NOTE 2: CAPITALIZATION
The Company was incorporated in the State of Nevada on July 24, 1984 and
authorized 200,000,000 shares of $0.001 par value common stock. On March 16,
1994 the Company effected a 1 share for 30 share reverse stock split. The split
reduced the total outstanding shares from 32,272,000 to 1,075,807. On March 16,
1994 the Company issued 6,500,000 shares of post reverse-split stock to Marrco
Communications, Inc. in the conjunction with the purchase of all of Marrco's
assets and the assumption of all of Marrco's liabilities.
NOTE 3: RELATED PARTY TRANSACTIONS
The officers and directors of the Company are involved in other business
activities and may, in the future, become involved in other business
opportunities. If a specific business opportunity becomes available, such
persons may face a conflict in selecting between the Company and their business
interests. The Company has not formulated a policy for the resolution of such
conflicts.
At June 30, 1996 the Company owed $517,033 to related parties for loans and
sales to and payments made on behalf of the Company. This balance was equal to
$571,560 as of December 31, 1995.
NOTE 4: INCOME TAXES
The Company has available at June 30, 1996, net operating loss carryforwards of
approximately $2.7 million which may provide future tax benefits expiring in
June of 2008.
NOTE 5: INVESTMENT SECURITY
The investment consists of 909 shares of the common stock in CAI Wireless
Systems, Inc. ("CAI") as of December 31, 1995 and June 30, 1996.
NOTE 6: STOCK OPTION PLAN AND WARRANTS
Since the purchase of Marrco Communications, Inc., the Company has set aside
2,500,000 shares of its common stock for an incentive stock option plan that was
previously in place and fully-vested with certain employees of Marrco
Communications that continued their service in working for the Company.
<PAGE>
The exercise is $.88 per share.
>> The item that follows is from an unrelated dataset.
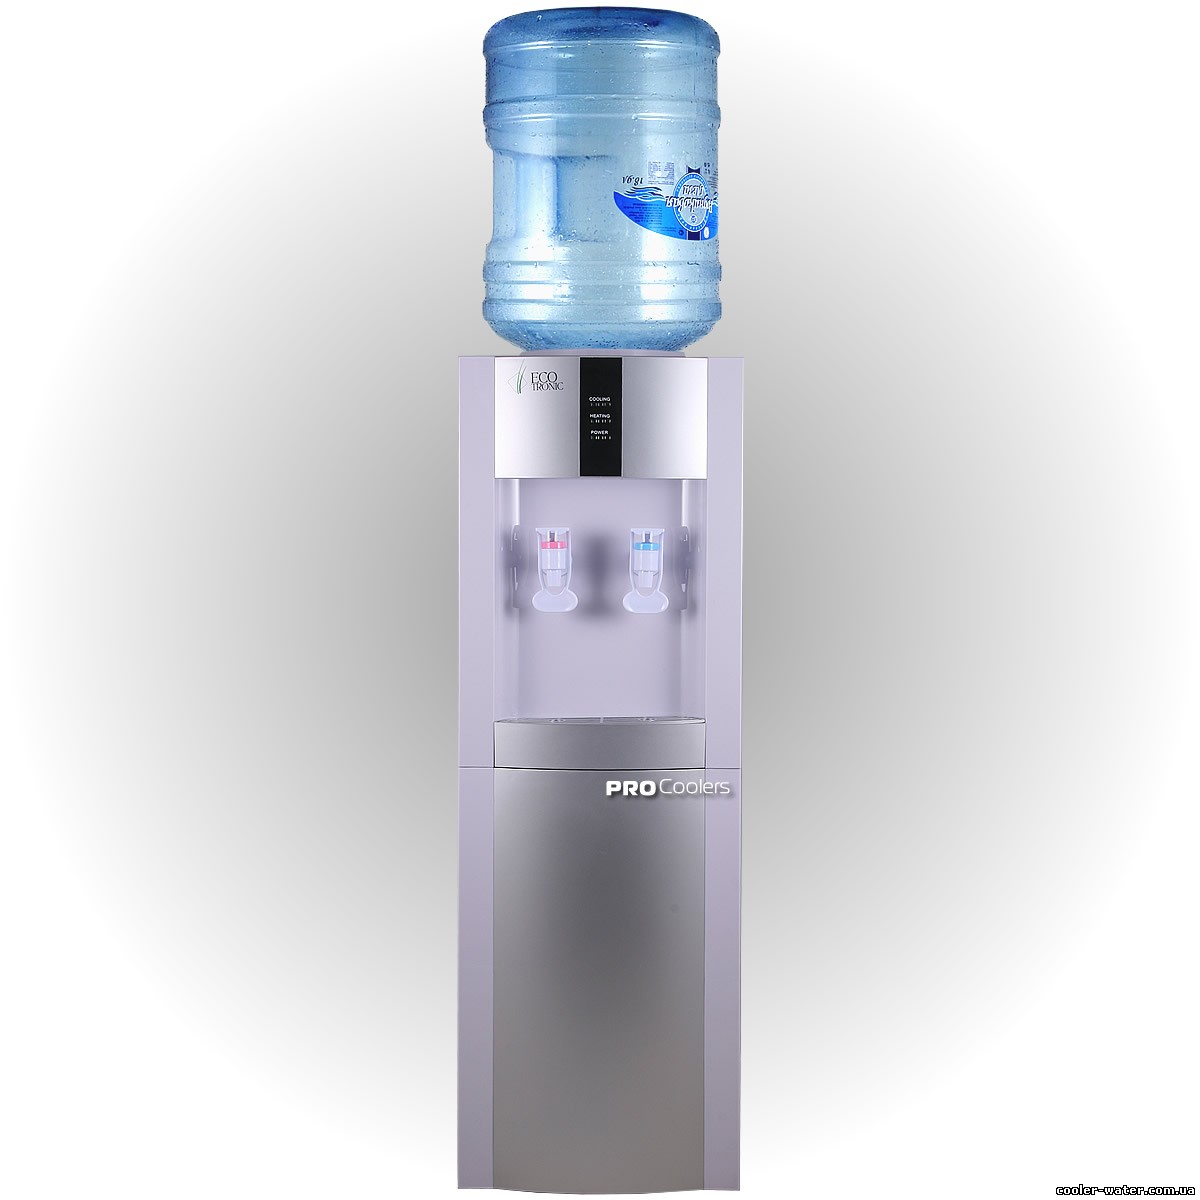 Кулер для воды Ecotronic H1-LN White

All of the options are fully vested. None of the
stock options have been exercised. The options expire December 28, 1998. At June
30, 1996, there are outstanding 66,667 warrants to purchase 66,667 shares of
common stock at $4.50 per share. The warrants expire on July 16, 1997. There are
also 300,000 redeemable Class "B" common stock purchase warrants to purchase
common stock at a price of $2.00 per share and 25,000 redeemable Class "C"
common stock purchase warrants with a price of $4.00 per share. These warrants
expire March 31, 1999 and couldn't be exercised prior to June 16, 1994.
NOTE 7: CONTINGENT LIABILITIES
On April 7, 1994 the California Department of Corporations ("DOC") conducted a
search of the Company's facilities and seized some the Company's records.
The DOC alleges that the Company has violated code sections involving the
unlawful use of devices, schemes or artifices to defraud, the unlawful sale or
purchase of securities, the unlawful offering and selling securities for failure
of proper qualification or registration and offering an investment of any type
whatsoever over the telephone without first being registered with the California
Attorney General's Office.
On December 27, 1994, a Final Judgment of Permanent Injunction and Ancillary
Relief Pursuant to Stipulation was filed in California. The Company believes
that it has complied with all of the terms of the judgment and considers the
matter settled.
NOTE 8: SUBSEQUENT EVENTS
See "PART II - Item 5. Other Information".
<PAGE>
ITEM 2. Management's Discussion and Analysis of Financial Condition and Results
of Operations.
The Company's loss for the three months ended June 30, 1996 was equal to
$62,201 compared to income of $58,094 for the three months ended June 30, 1995.
The loss for the current quarter was attributable to the Company's continuing
General and Administrative Expenses of which salaries, professional services and
depreciation and amortization made up the largest amount. Total salaries of
$92,844 were paid or accrued for the three months ended June 30, 1996. This
equated to 36.6% of the total General and Administrative expenses for the
quarter which totaled $254,007. This is compared to salaries of $89,775, or
45.9% of the amount of expenses for the three months ended June 30, 1995. The
total expense for professional services, including legal, accounting and
engineering, totaled $46,650 for the three months ended June 30, 1996. This is a
substantial increase from the amount from the same period in 1995 of $23,695.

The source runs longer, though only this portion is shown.